Иногда кораблик нес на себе целое письмо, а иногда — только изображение пронзенного сердца, истекающего кровью соловья или неуклюжие символы желаний — дом, дерево, корова, младенец.
Парни спускали свои бумажные кораблики на воду, и течение уносило их вниз. Примерно двести шагов отделяли их от девушек, и многие кораблики успевали хлебнуть воды и развалиться, другие переворачивались и тонули или утыкались в берег и застревали в камышах. Те немногие, что доплывали до цели, тотчас попадали в руки девушек, каждой из которых так хотелось заполучить такой кораблик, что они готовы были выцарапать друг дружке глаза.
— Кораблик любви, — снова пояснил Яков.
Никто из парней не подписывал письма, потому что все знали, что судьба, которая спасла жалкий бумажный кораблик от гнева речной стихии, и привела к суженой, и дала ей силу выхватить его из рук подруги, — эта судьба сама позаботится сообщить ей, кто тот писавший, что ей предназначен.
Воспоминания разгладили высохшие борозды разочарования на его лице.
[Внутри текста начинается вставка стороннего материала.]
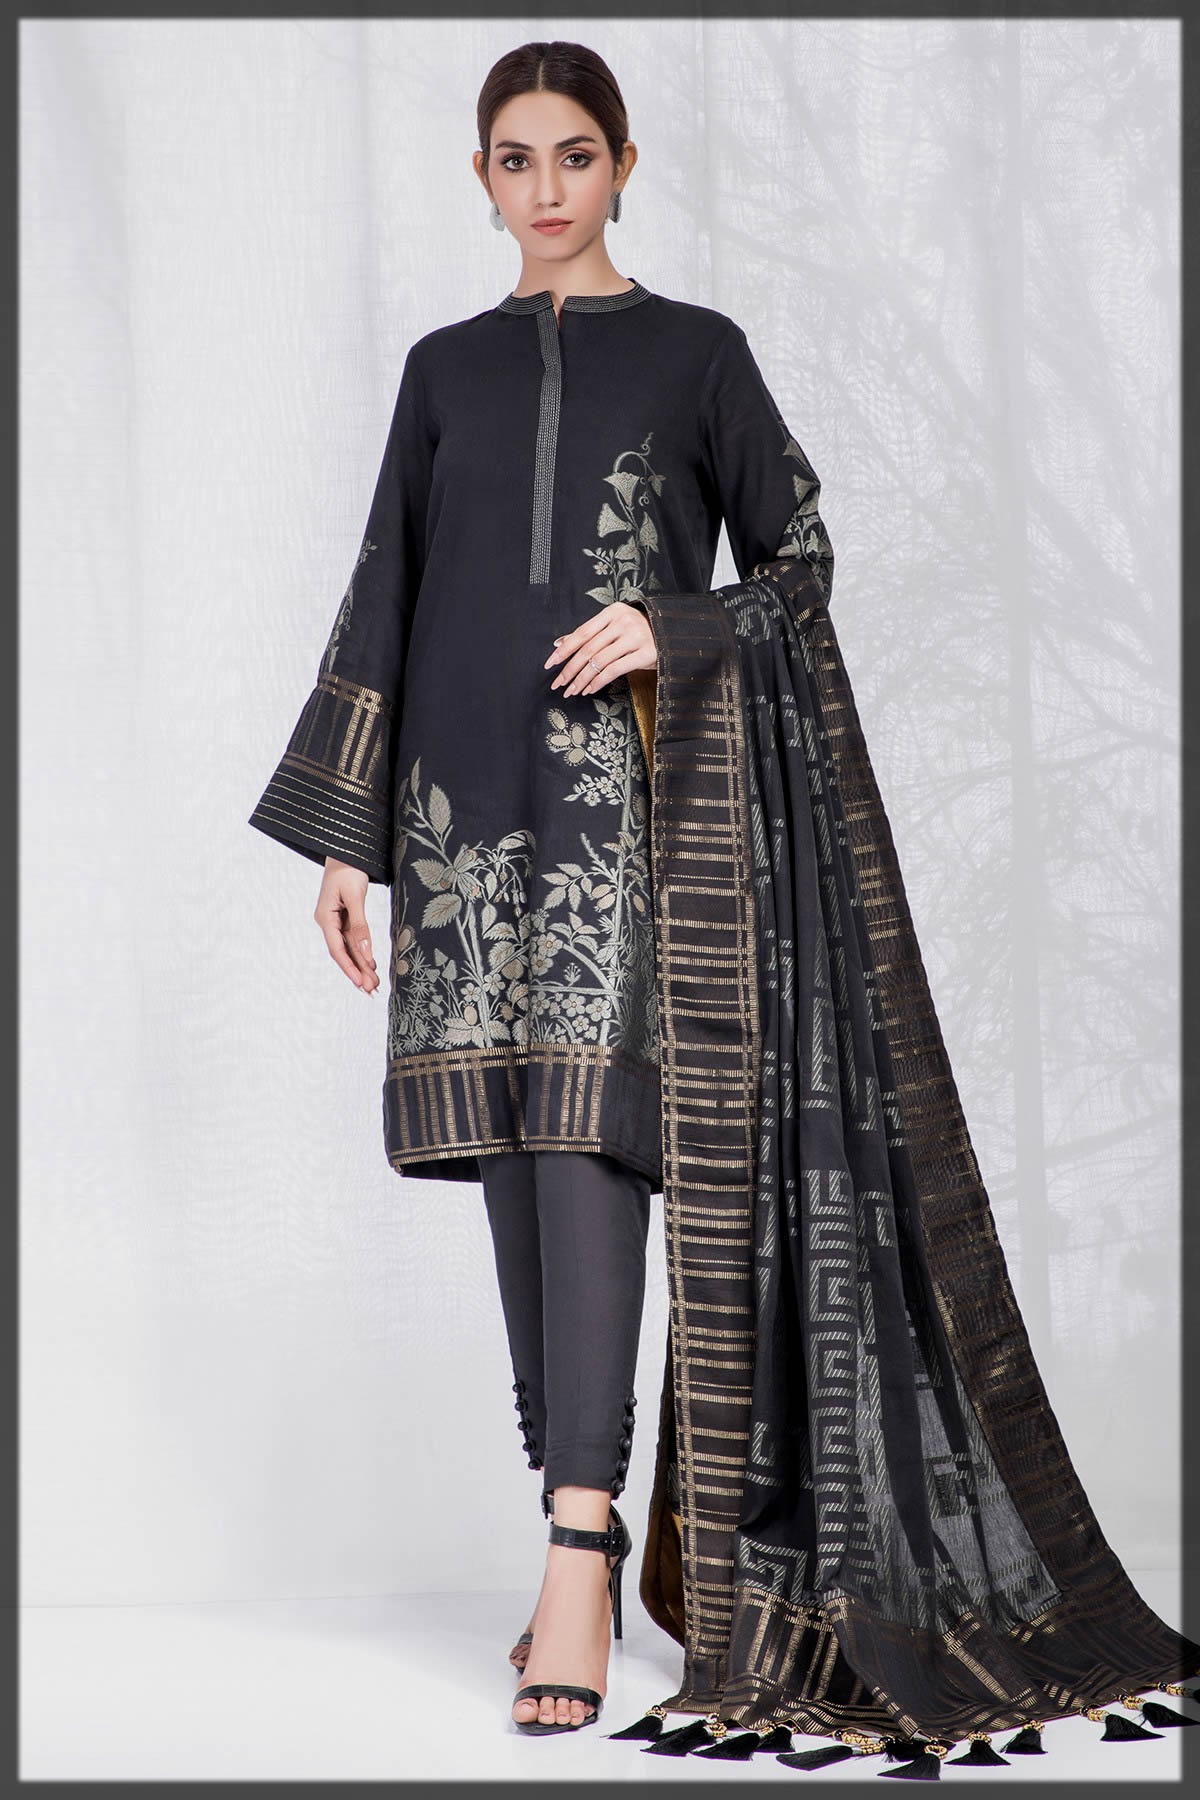 sleek black jacquard summer dress by alkaram

Его подбородок затрясся.
Только по прошествии лет я понял, что так он пытался проверить меня, объяснить мне, уговорить и, может быть, извиниться за тот грех, которого не совершал, и за ту вину, которая лежала не на нем, а на мне, чего он не знал.
— Может быть, выпьешь со мной капельку, а, Зейде?
Он тоже говорил «капельку», как говорили мама, и Глоберман Сойхер, и Моше Рабинович.
— Моше будет сердиться, — сказал я. — Мне всего двенадцать лет.
— Во-первых, я тоже твой отец, Зейде, не только Рабинович. А во-вторых, мы можем ему ничего не говорить.
Он достал из кухонного шкафчика две бокала. Они были такими тонкими и прозрачными, что я различил их скругленную форму лишь после того, как он налил в них коньяк. Даже сегодня, когда они уже мои и стоят в моем шкафчике, я страшусь брать их в руки.